Since the last post...
Every other Wednesday (don't you always say "wed-nez-day" in your mind when you spell that word?) night we host a home bible study group. So the house gets clean. Every house should come with a set of teenage workers. That way the chores get done in no time. Benny comes in real handy. He shovels snow and he is also the official Wednesday night "chairman" (this means that he takes care of setting up and putting away all the extra chairs). It's a very important job with a very important title.
That reminds me of something I've been thinking about this week.
*Disclaimer: This is a warning. Remember just because you see something written in my blog that doesn't mean that I am necessarily thinking clearly about that subject. (I define clear thinking as being scripturally well grounded.) I write so I can think. Not the other way around. :-) *
Here's a timeline that's like a string of beads - they're next to each other in order, but not necessarily in order.
First bead: Earlier in the week at one of our co-op school devotions, Barry, our pastor, said that what we do in this life is very relevant to eternity since all the ways we think and act in accordance with the mind of Christ better prepares us to serve God in eternity. This idea stuck deep in my heart. I wanted to think about it.
Second bead: Then in my own morning devotion time I was reading Ps. 37 which is packed full of comparisons between the thoughts and actions of the righteous and the wicked resulting in some eternal relevance. Is this an issue of degrees? What's the difference between my whole life which is in Christ and how my temporal, earthly actions affect my eternal life in heaven with Christ?

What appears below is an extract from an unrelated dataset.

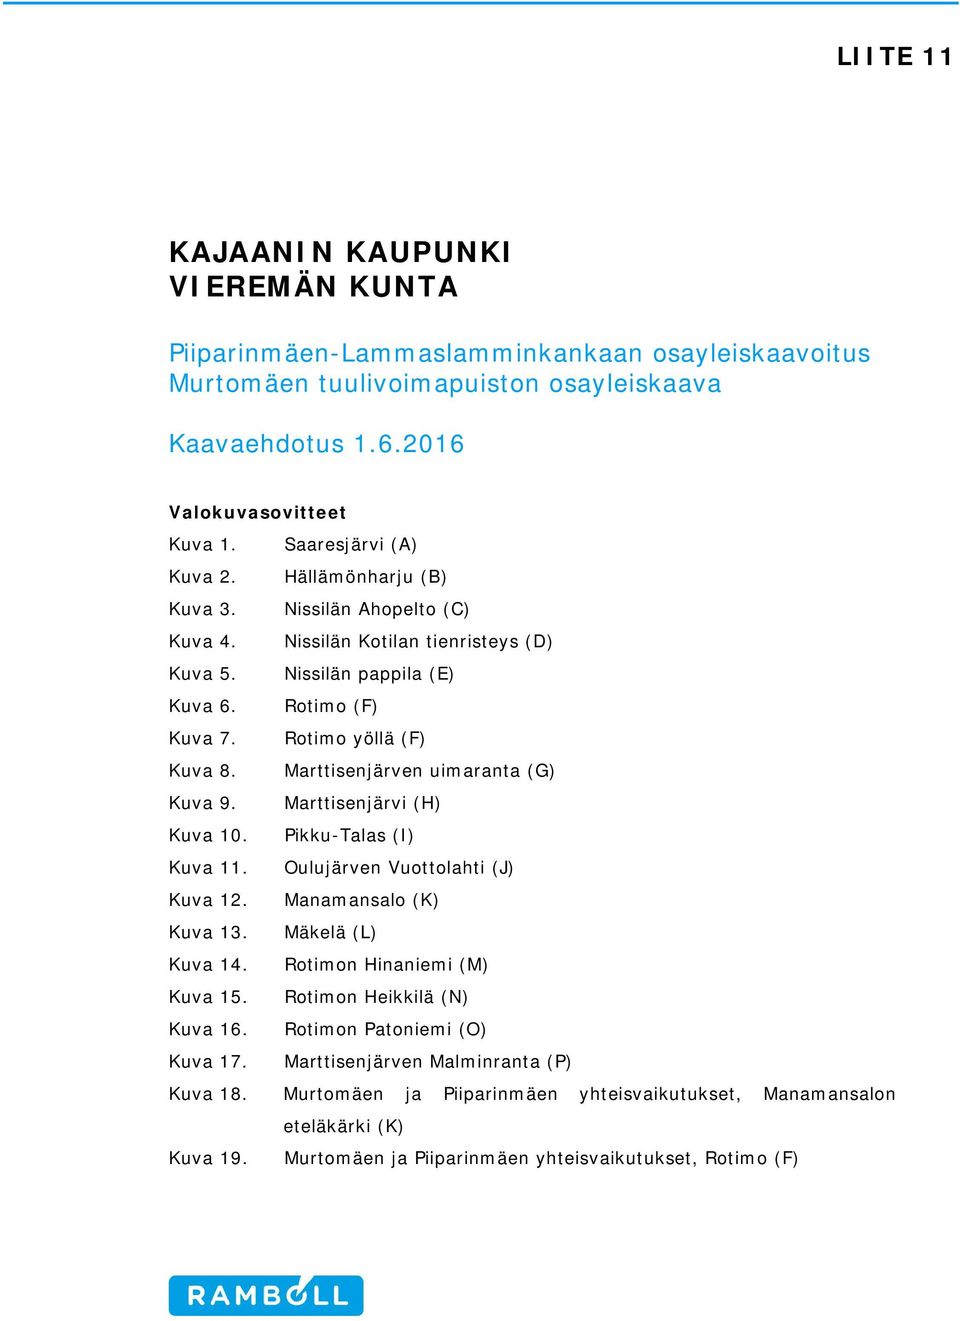 Marttisenjärven uimaranta (G) Kuva 9. Marttisenjärvi (H) Kuva 10. Pikku-Talas (I) Kuva 11. Oulujärven Vuottolahti (J) Kuva 12. Manamansalo (K) Kuva 13. Mäkelä (L) Kuva 14.

Third bead: Finally, a couple of nights ago in our home bible study group as we go through the book of Acts, something was brought up from chapter five that ran along with the other thoughts that were streaming through in my head - the importance of heavenly-mindedness.
Fourth bead: Application: I want what I do now to have eternal relevance. I want the person I'm becoming now to have eternal relevance.
I'm sure I'll have more beads to string on this thread later. But for now, thanks for listening.